## [Source data]
——
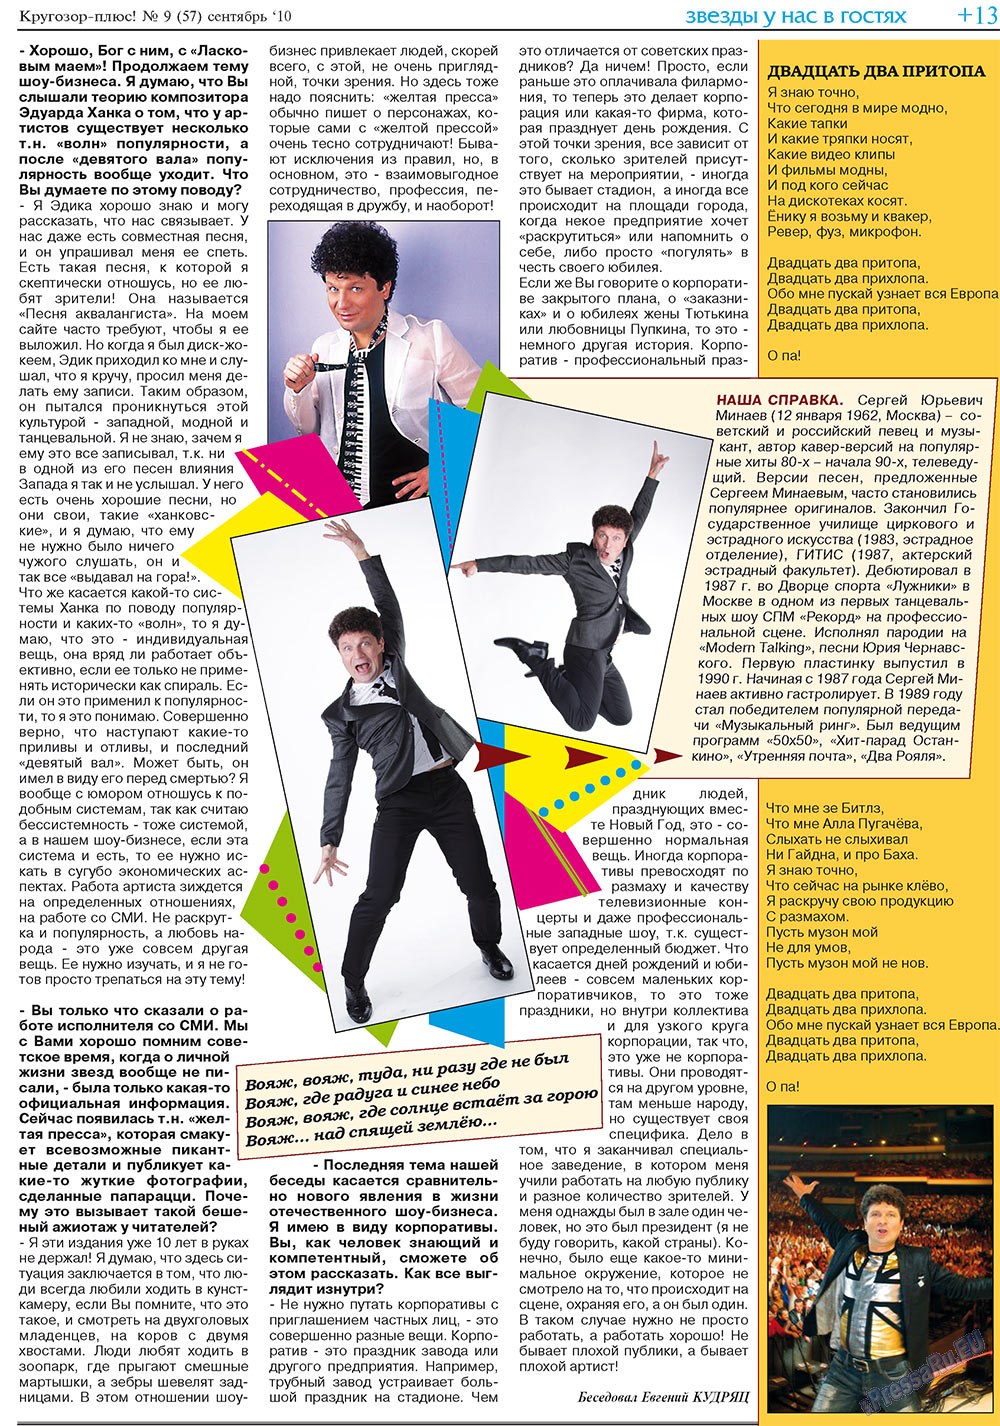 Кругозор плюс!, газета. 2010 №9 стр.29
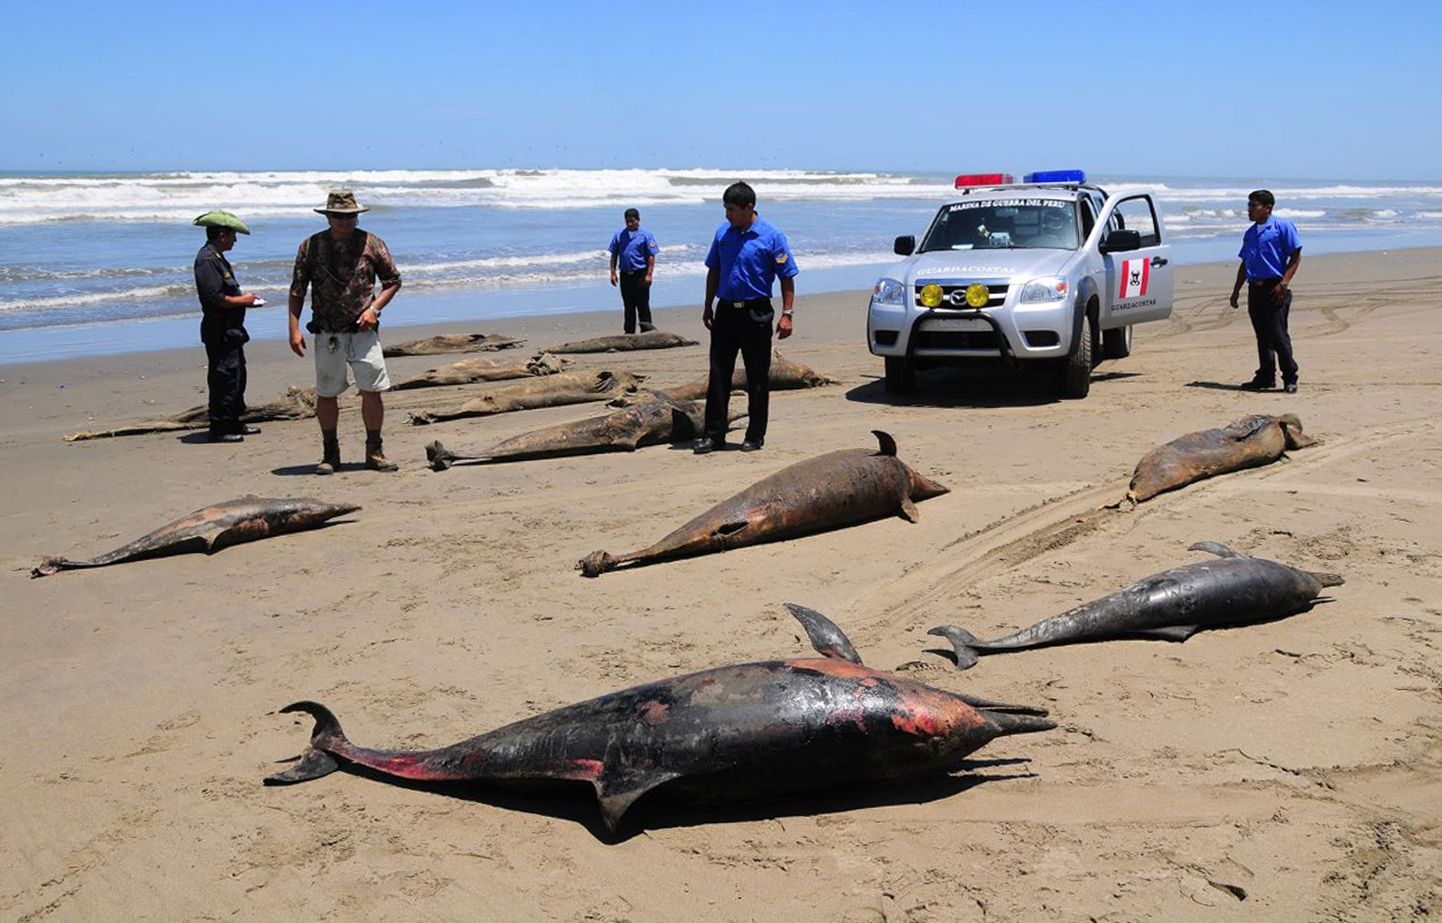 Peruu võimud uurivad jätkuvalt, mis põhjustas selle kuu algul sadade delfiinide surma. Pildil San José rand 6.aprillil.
——
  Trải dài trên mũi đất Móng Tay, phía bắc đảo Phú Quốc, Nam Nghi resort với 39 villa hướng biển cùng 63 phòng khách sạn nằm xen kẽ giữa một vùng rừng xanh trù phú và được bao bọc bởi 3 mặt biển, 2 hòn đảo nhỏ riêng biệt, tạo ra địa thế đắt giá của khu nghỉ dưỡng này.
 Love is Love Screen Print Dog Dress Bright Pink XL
——
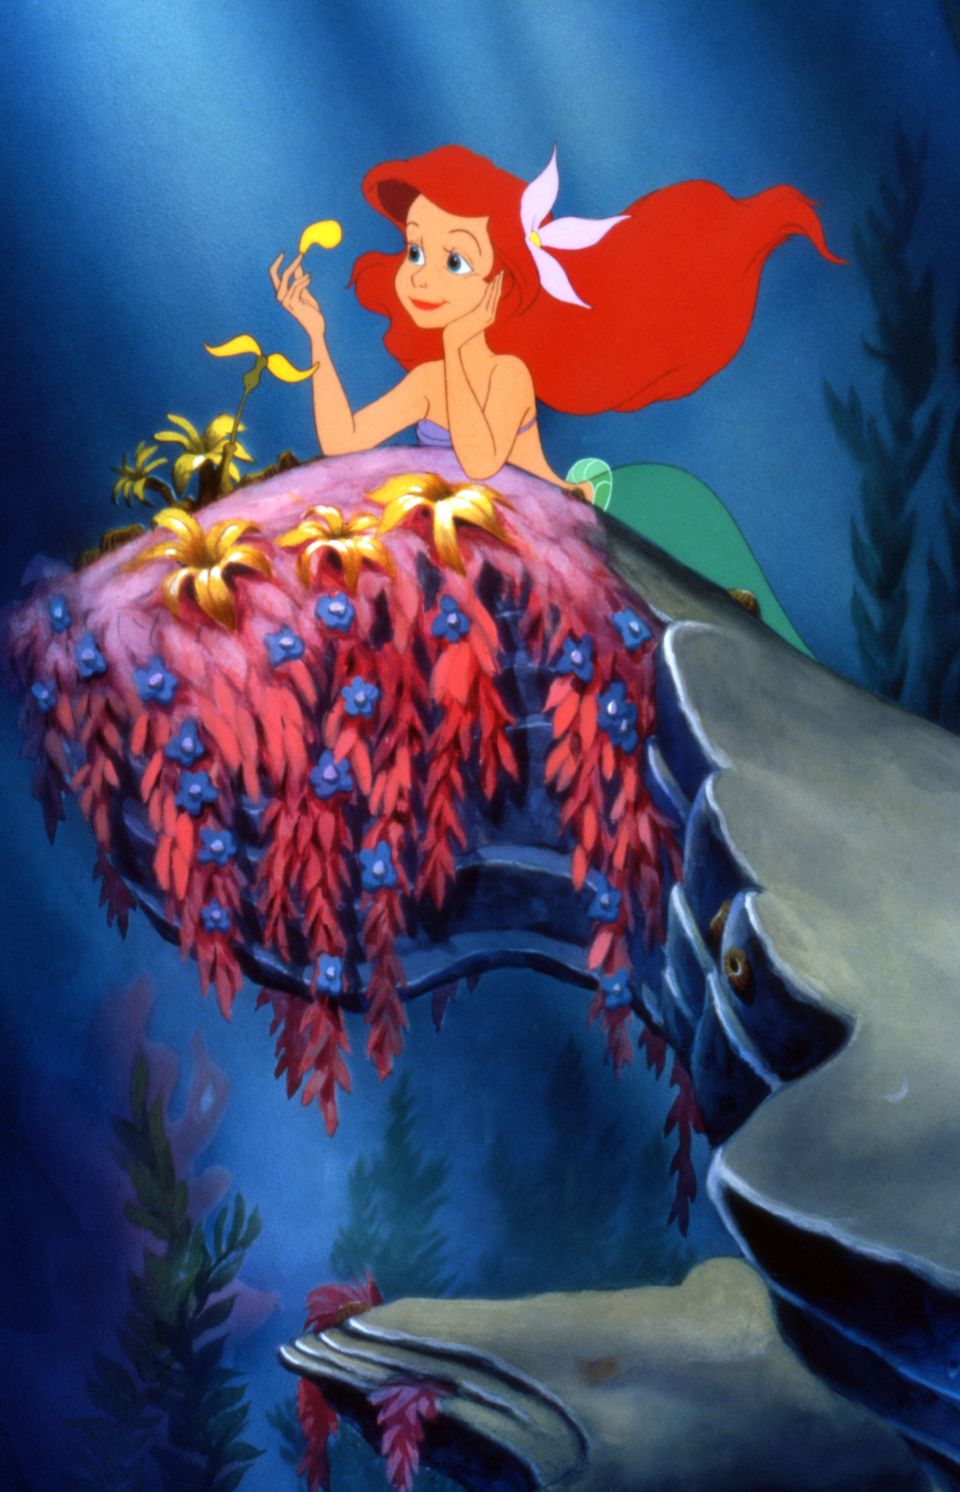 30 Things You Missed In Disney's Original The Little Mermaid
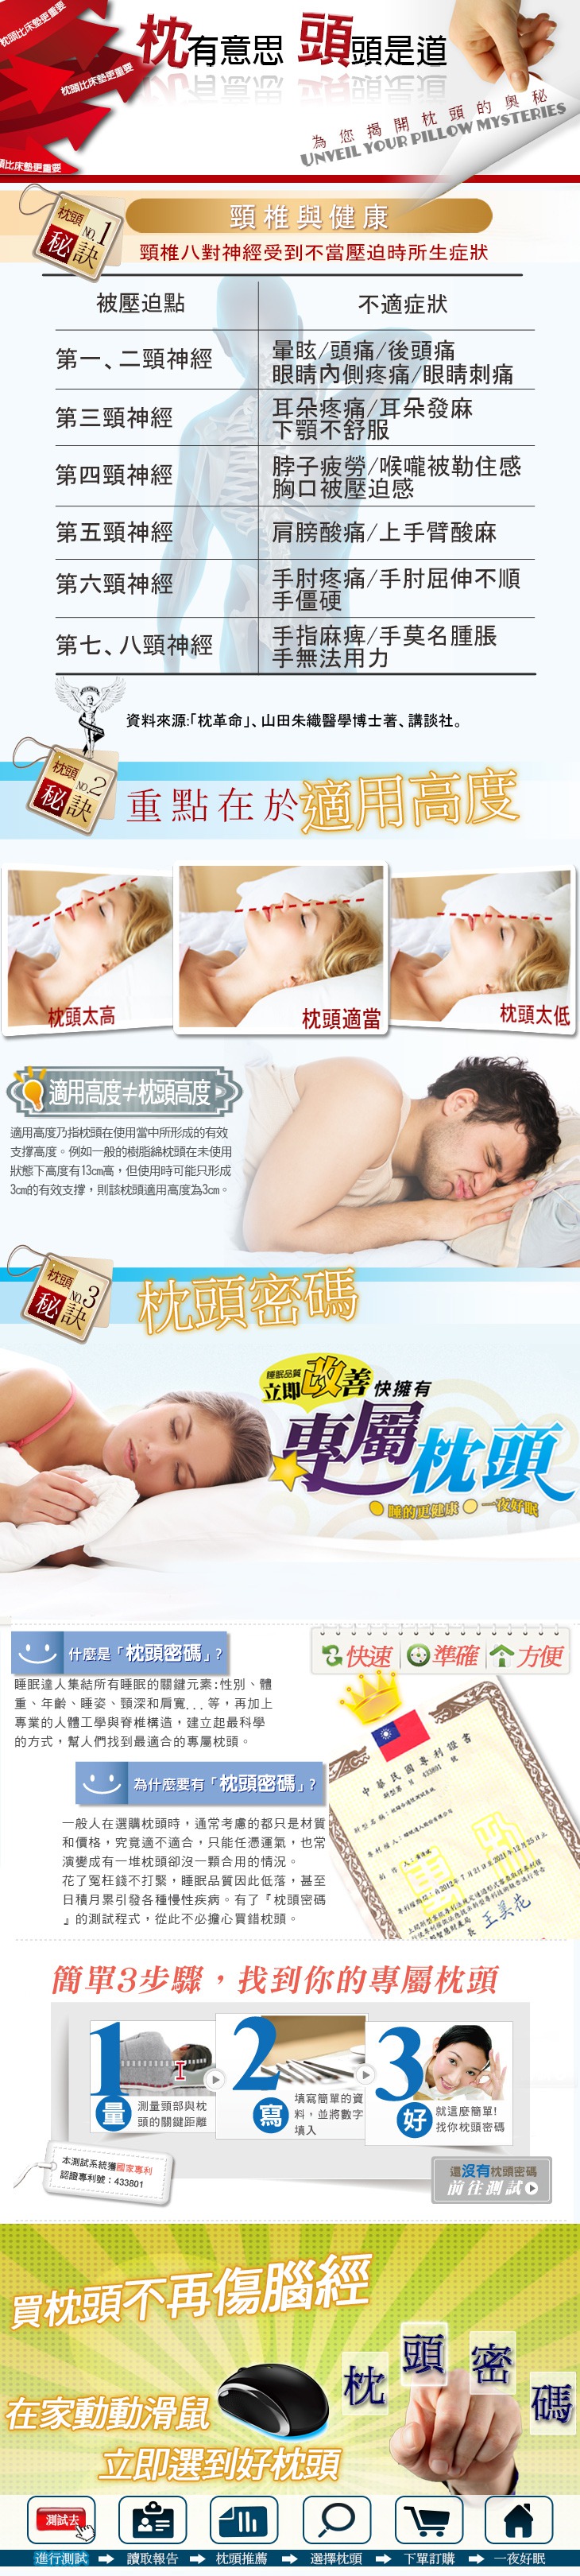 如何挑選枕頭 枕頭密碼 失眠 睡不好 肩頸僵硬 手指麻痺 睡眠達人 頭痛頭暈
——
## [Your goal]
Here the job is to copy the listing above word for word, starting at the line with "Кругозор плюс!, газета. 2010 №9 стр.29" and ending at the line with "Peruu võimud uurivad", and to leave out the pictures.

## [Result]
 Кругозор плюс!, газета. 2010 №9 стр.29
 Peruu võimud uurivad jätkuvalt, mis põhjustas selle kuu algul sadade delfiinide surma. Pildil San José rand 6.aprillil.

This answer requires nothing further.